>>>>>

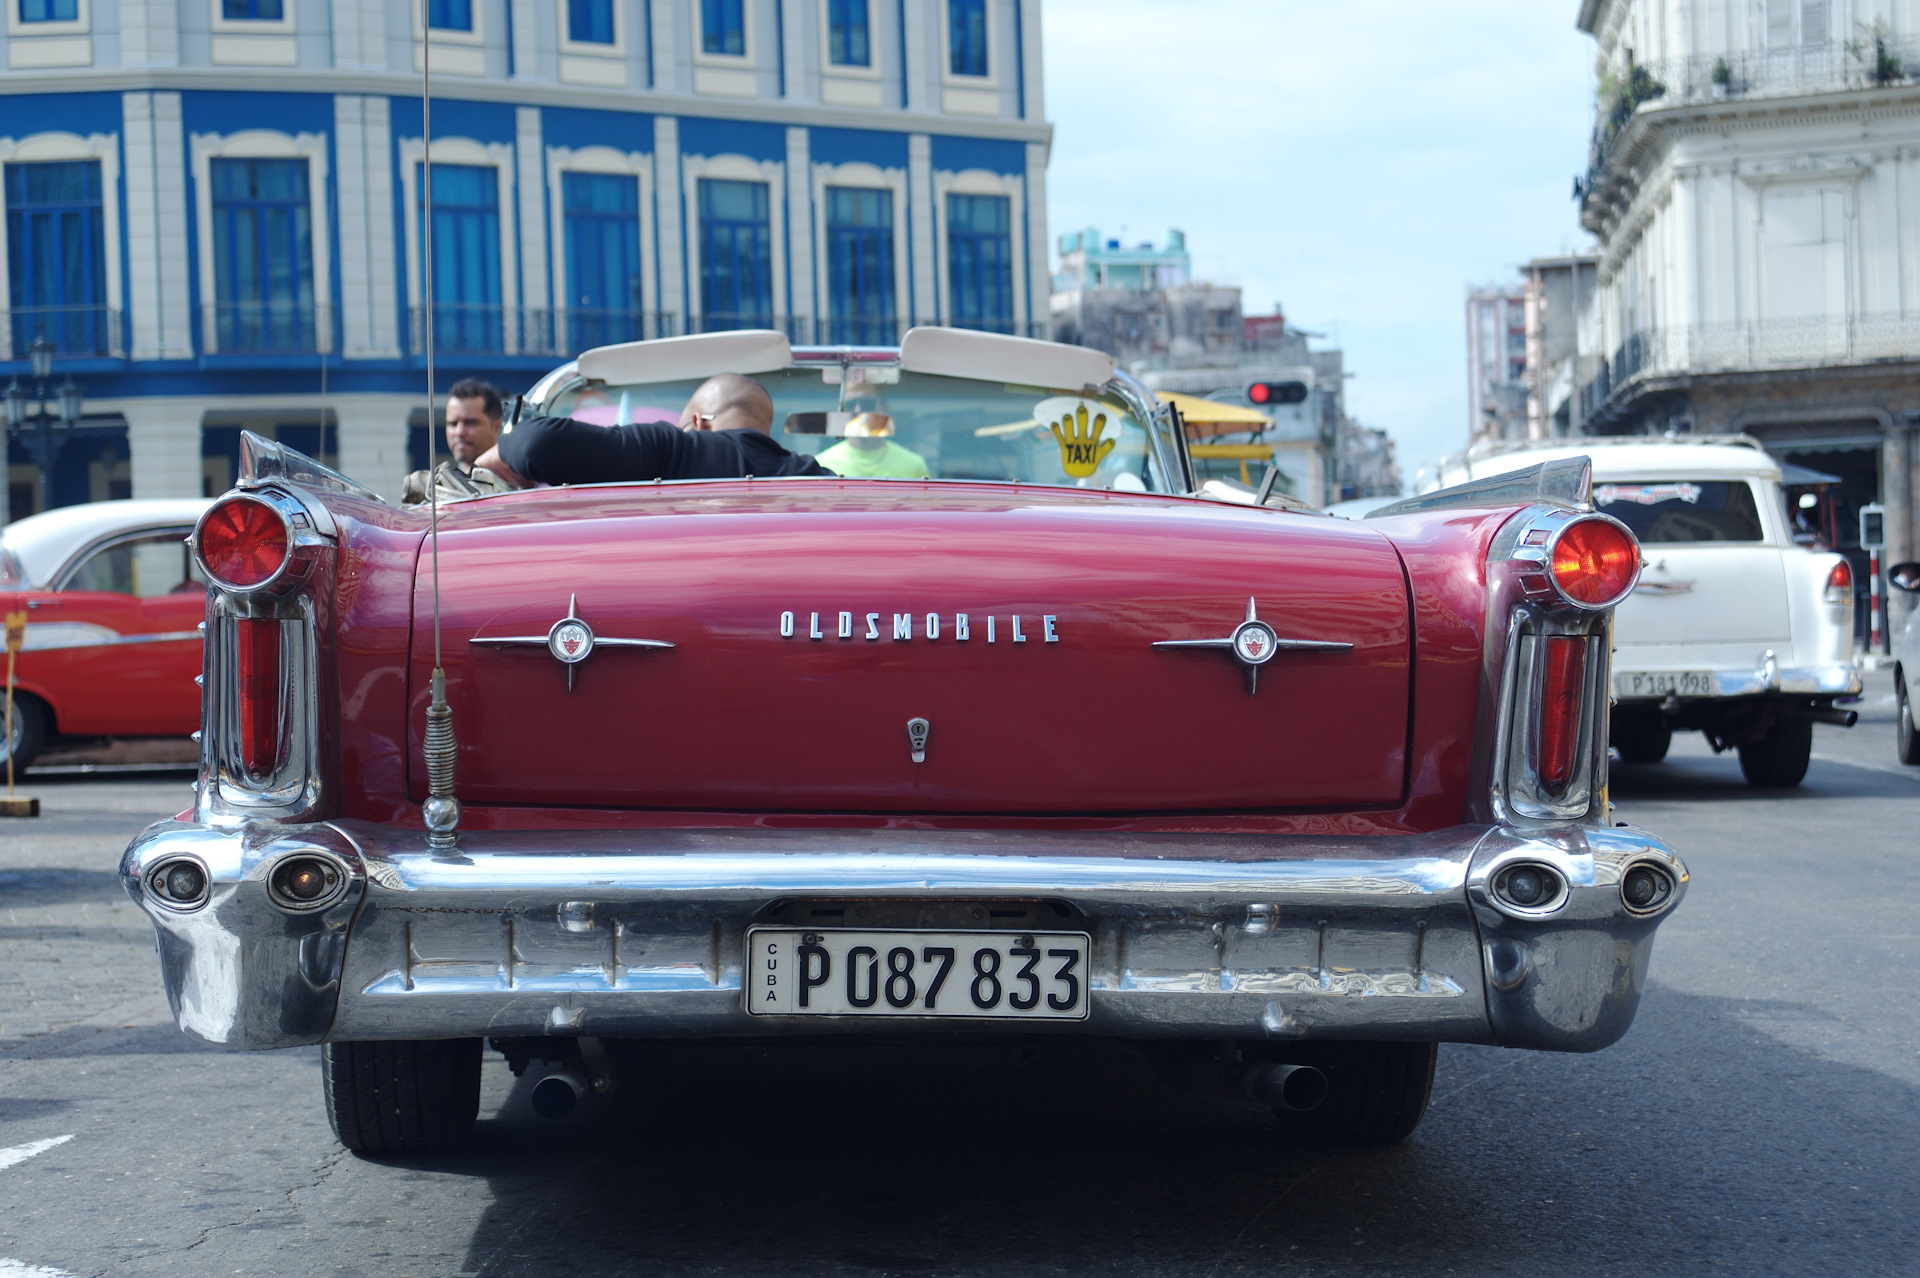 Кубинский номер. Автомобильные номера Куба. Кубинские номера машин. Куба номера машин. Номерные знаки Куба.
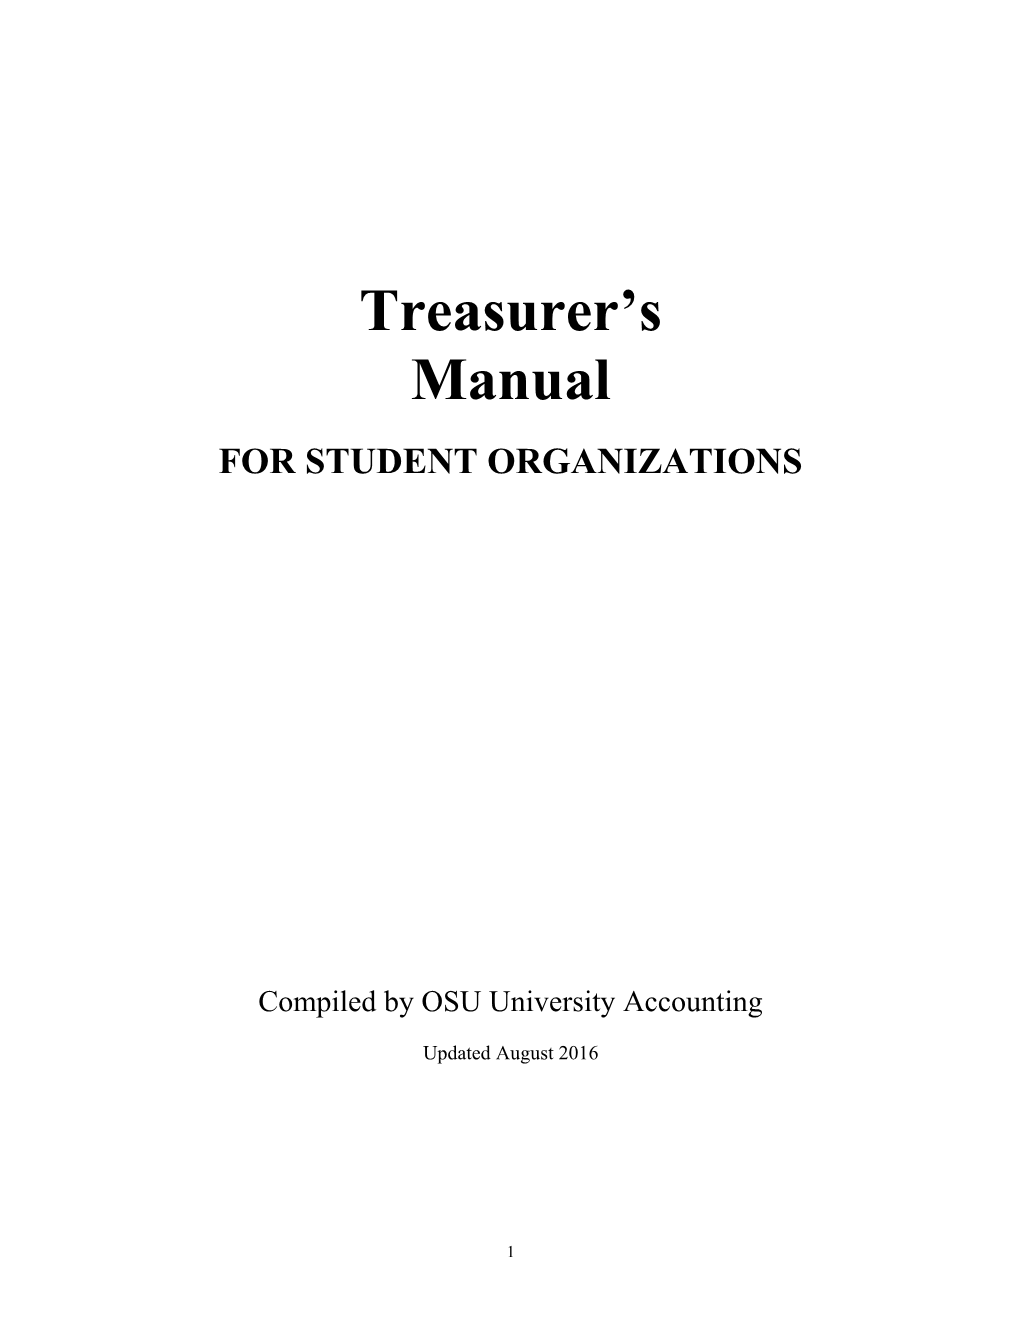 Student Organization Treasurer's Manual
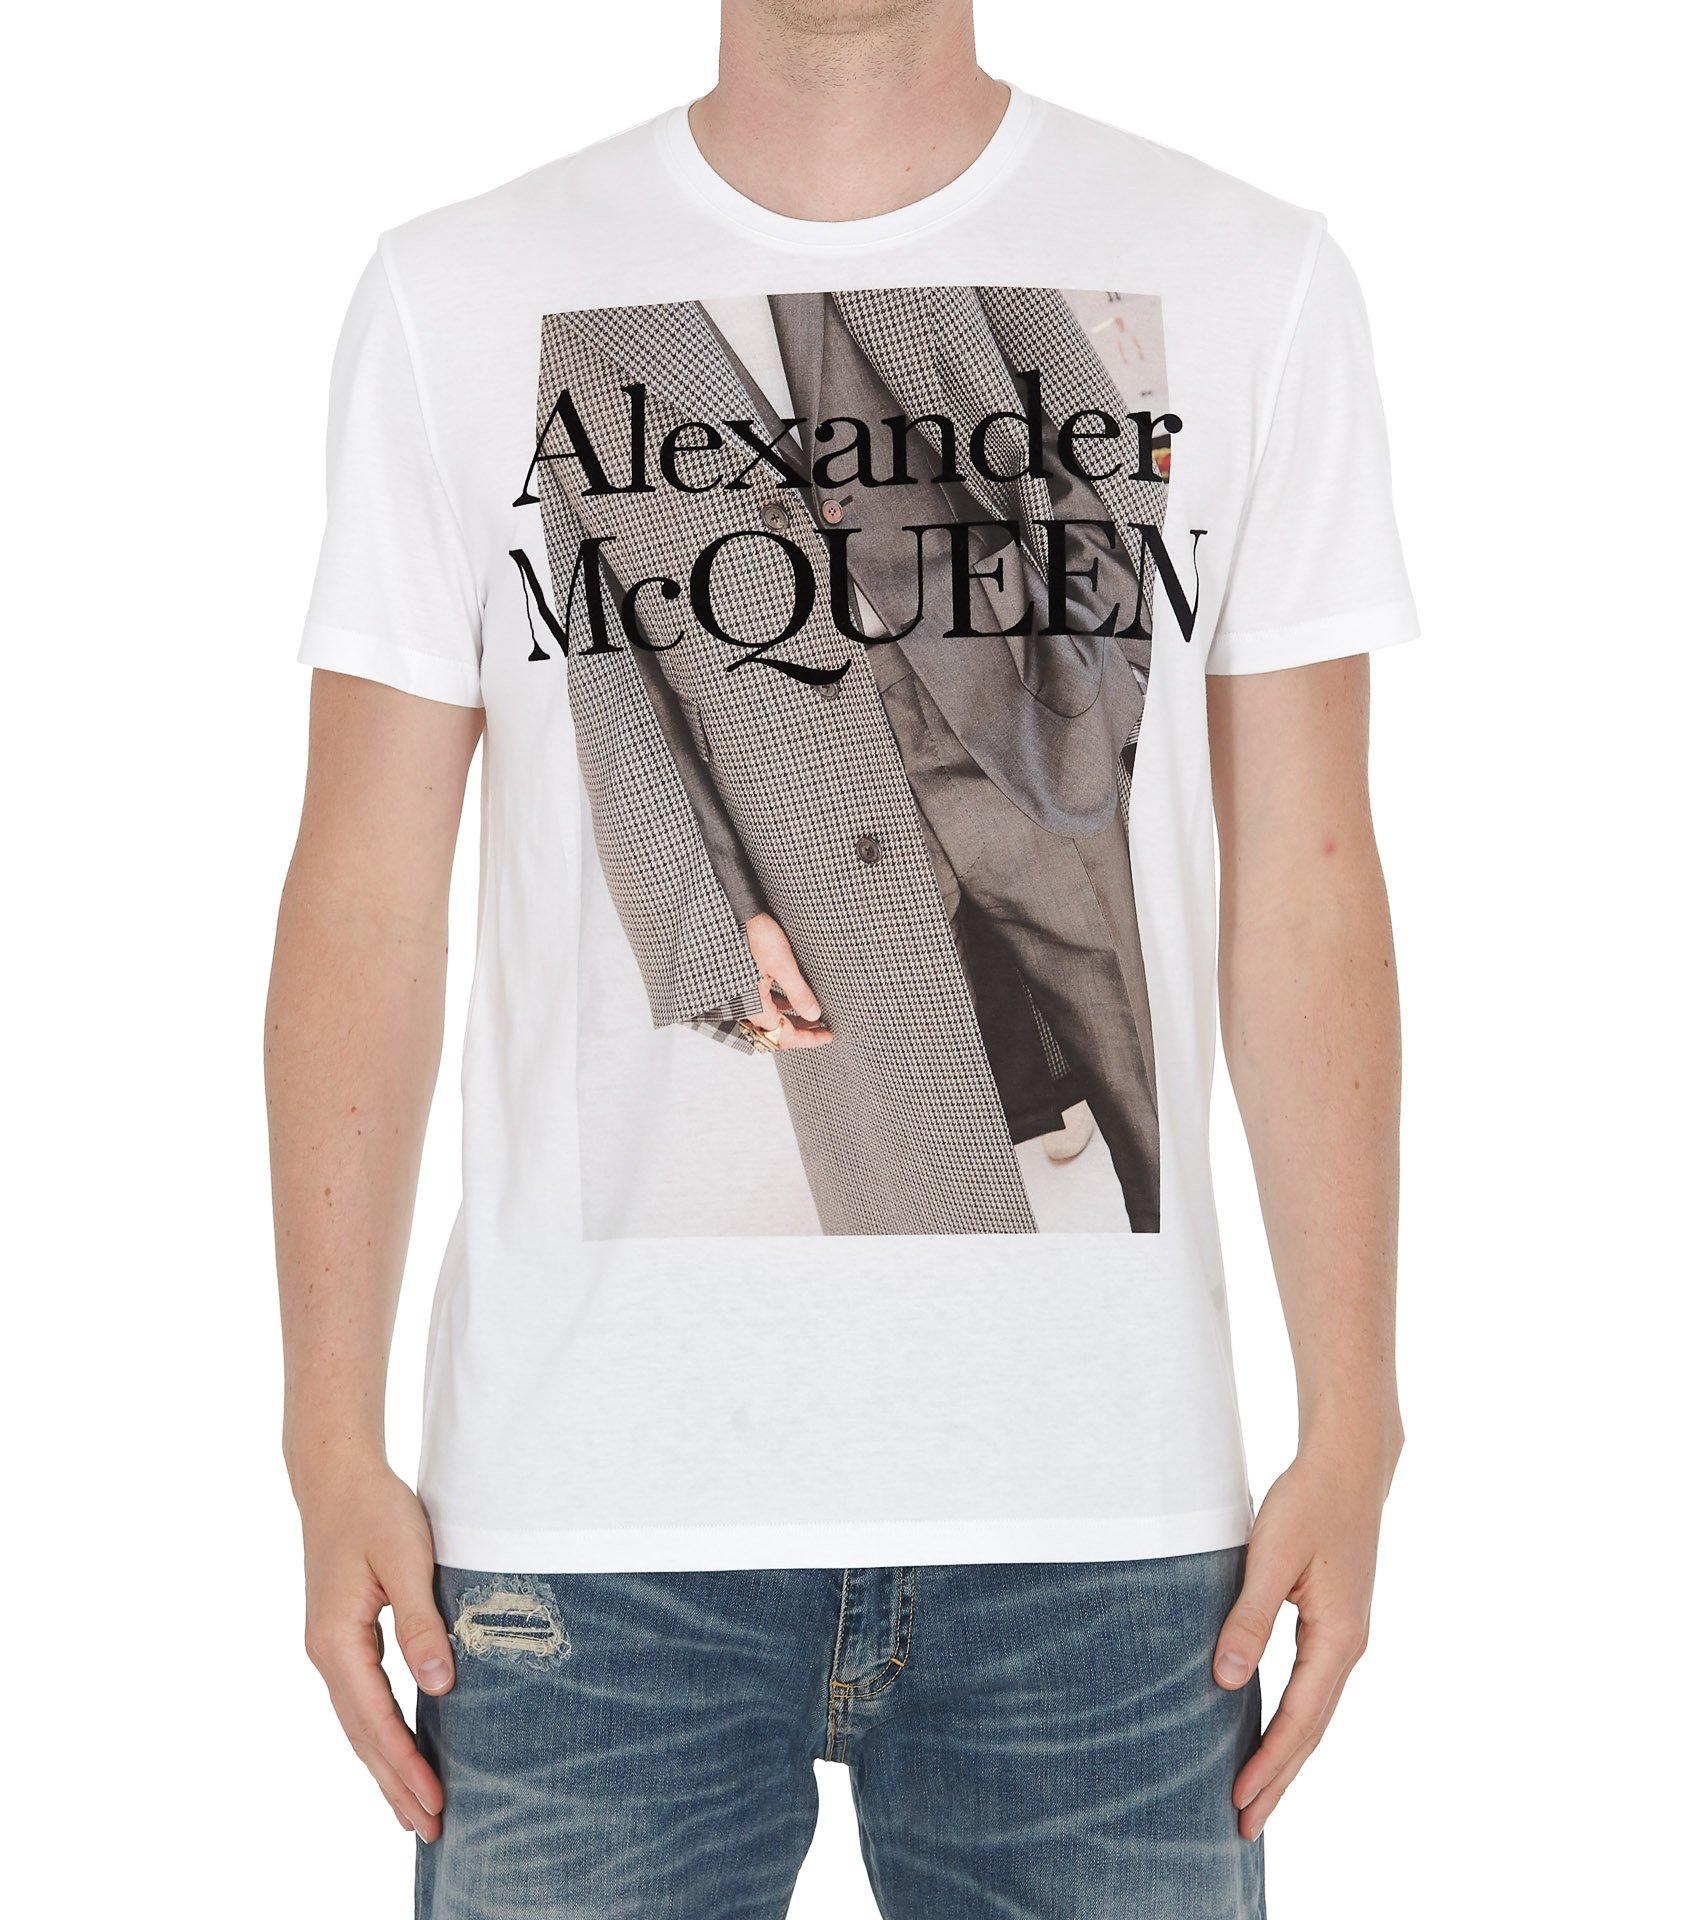 Alexander McQueen Cotton Crewneck T-shirt in White for Men - Lyst

<<<<<

### WHAT THE EXERCISE ASKS
With the pictures removed, return the full listing exactly as given.

### REPLY
 Кубинский номер. Автомобильные номера Куба. Кубинские номера машин. Куба номера машин. Номерные знаки Куба.
 Student Organization Treasurer's Manual
 Alexander McQueen Cotton Crewneck T-shirt in White for Men - Lyst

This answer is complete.